瑠璃飾り (ラピス・ラズリ) 〔2〕
「はあ? いなくなった?」
はるばる嘆願のあった領地まで来たアメリアは、ロードの言葉に素っ頓狂な声を出した。
ロードの城がある街に到着し、挨拶を告げた直後のことだった。
「いや、それがその………部下の者の話では、いままさに炎を吐こうとしていたデーモンたちが、一斉に顔をあげると、どこかに去っていったと言いまして………現に、それ以来デーモンを見たと言う者も減ってきていまして………」
さすがに気まずそうに、ロードが言い訳をする。
確かに、ここに来る道中でもデーモンには遭わなかった。
これまでは、目的の場所に向かう途中の道すがらでもデーモンが出没したという討伐隊の報告が多数届いていたのにもかかわらず、非常になごやかで楽しい道中だったのだ。
アメリアは眉をひそめて、考えこんだ。
「………ちょっと父さんと連絡を取ってみます。この街の魔道士協会はどこですか?」
届いた知らせは、驚くべき内容だった。
「殿下は何と?」
隔幻話室から出てきたアメリアに、待機していた討伐隊の隊長がきまじめな表情で問うた。
アメリアは困惑したような表情を、その隊長に向ける。
「何か………、各地で同じことが起こっているみたいです。異常気象も収まりつつあるそうですし、デーモンも潮が引くようにいなくなっているそうです」
「ならば、我々がここに来た意味は………」
「あんまし無いです」
アメリアに即答されて、隊長は沈黙してしまった。
「始まりと同じように、唐突ですね」
アメリアは首を傾げて独白した。
リナが大本の原因を滅ぼしたからなのだが、今現在そんなことがわかるはずもない。
ロードの城に戻る途中、アメリアは空を見上げた。
春の終わり。陽光がその強さを増して、風と共に降り注ぐ夏の始まり。
そうだ。これが本来の正しい気候なのだ。
雪が降っただの、暑さに日射病患者が出ただの、しばらく前までとことん異常気象だったのが、嘘のようだ。

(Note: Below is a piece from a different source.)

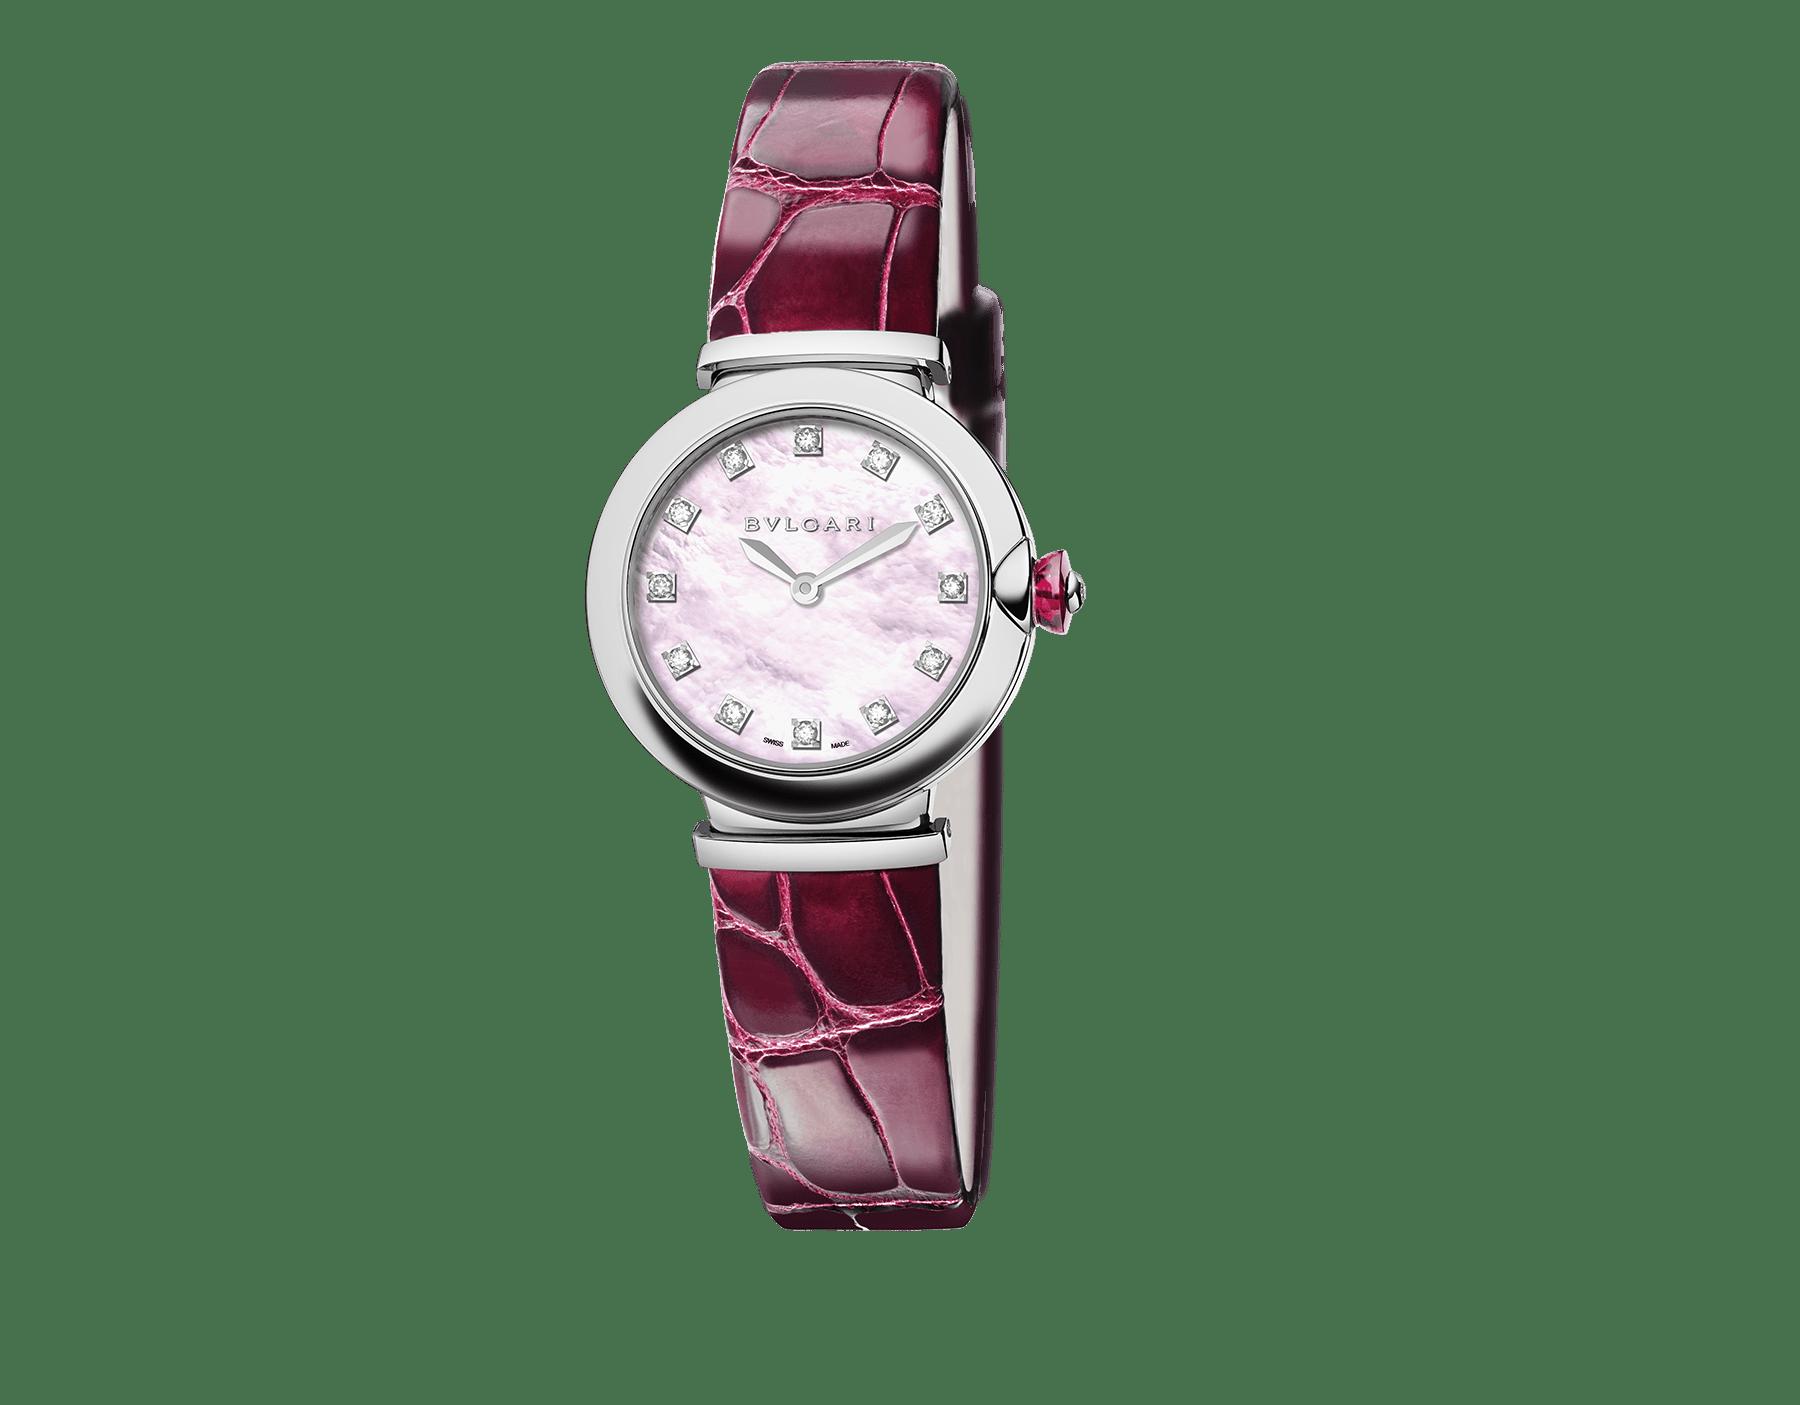 Часы LVCEA, корпус из нержавеющей стали, розовый перламутровый циферблат, бриллиантовые часовые метки, бордовый ремешок из кожи аллигатора. 102608 image 1

異常気象が収まれば、父親であるフィリオネル王子の負担も軽くなるだろう。
デーモンの異常発生担当だった自分も、仕事の量が激減する。
これは好機だ。
「わたしってツイてるかも………」
くすと笑って、アメリアは後に従う討伐隊の隊長をふりかえった。
「では、現時点をもって、討伐隊は残りのデーモンの掃討へと任務の内容を変更します。せっかく来たのに帰るのもなんですし、念のため数日は、この街の周囲、デーモンの潜んでいそうな場所を巡ってください。それが終わったら一日ここで休暇を取り、帰城します。なお、指揮権はあなたに預けます。救援物資の配分はロードに一任したことですし」
「アメリア様は………」
「ちょっとここの領内の村に私用があるので、行ってきます」
アメリアは反論を封じこめるように、隊長に向かって笑いかけた。
自分の外見が、多少なりとも自分の宮廷での評価に直結していることをアメリアは自覚している。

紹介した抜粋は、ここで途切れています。